[The Wizard by H. Rider Haggard]@TWC D-Link bookThe Wizard CHAPTER X 12/14
The thunder-clouds that were pressed forward met the clouds that were pressed back, and together they seemed to come to earth, filling the air with a gloom so dense that the eye could not pierce it.
To the west was a wall of blackness towering to the heavens; to the east, light, blue and unholy, gleamed upon the white cross and the figures of its watchers. For some seconds--twenty or more--there was a lull, and then it seemed as though all hell had broken loose upon the world.
The wall of blackness became a wall of flame, in which strange and ardent shapes appeared ascending and descending; the thunder bellowed till the mountains rocked, and in one last blaze, awful and indescribable, the skies melted into a deluge of fire.
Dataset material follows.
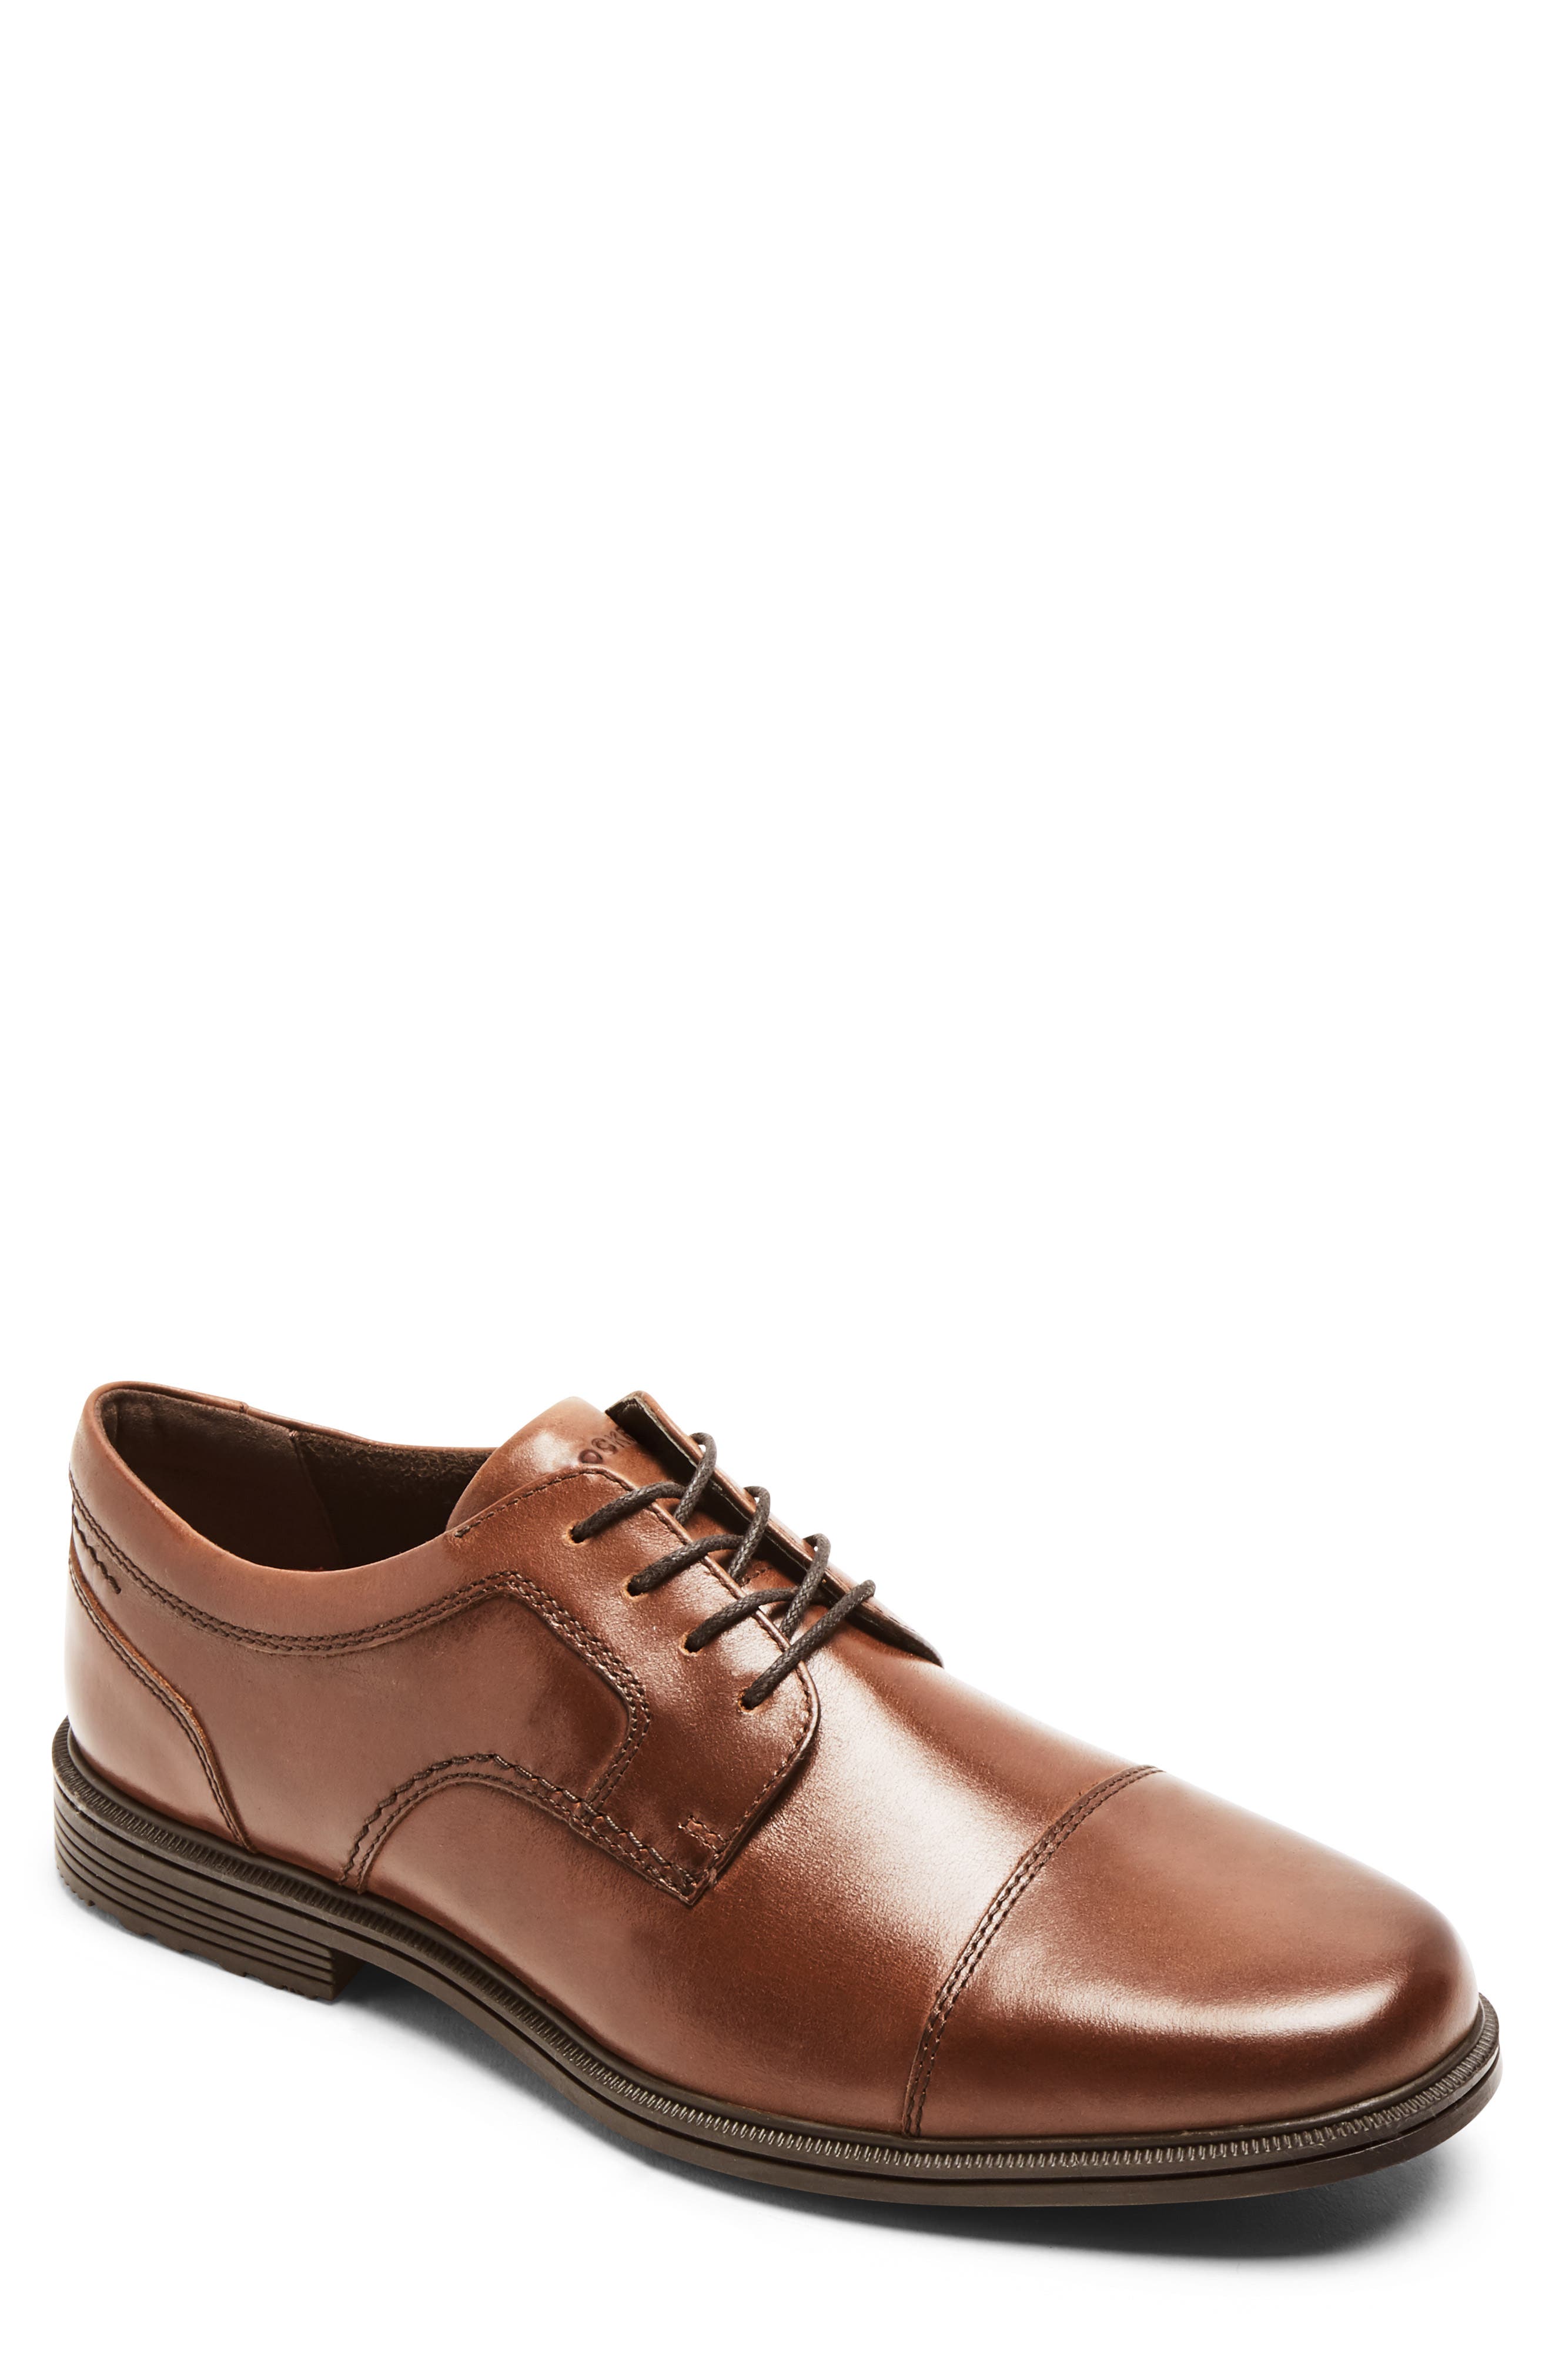 Rockport Men's Black or Brown Impedor Oxford Shoes NIB

In the flare of it Owen thought that he saw the figures of men falling this way and that, then he staggered against the cross for support and his senses failed him. ***** When they returned again, he perceived the storm being drawn back from the face of the pale earth like a pall from the face of the dead, and he heard a murmur of fear and wonder rising from ten thousand throats. ***** Well might they fear and wonder, for of the twenty and one wizards eleven were dead, four were paralysed by shock, five were flying in their terror, and one, Hokosa himself, stood staring at the fallen, a very picture of despair.
Nor was this all, for the meteor stone with a human shape which for generations the People of Fire had worshipped as a god, lay upon the plain in fused and shattered fragments. The people saw, and a sound as of a hollow groan of terror went up from them.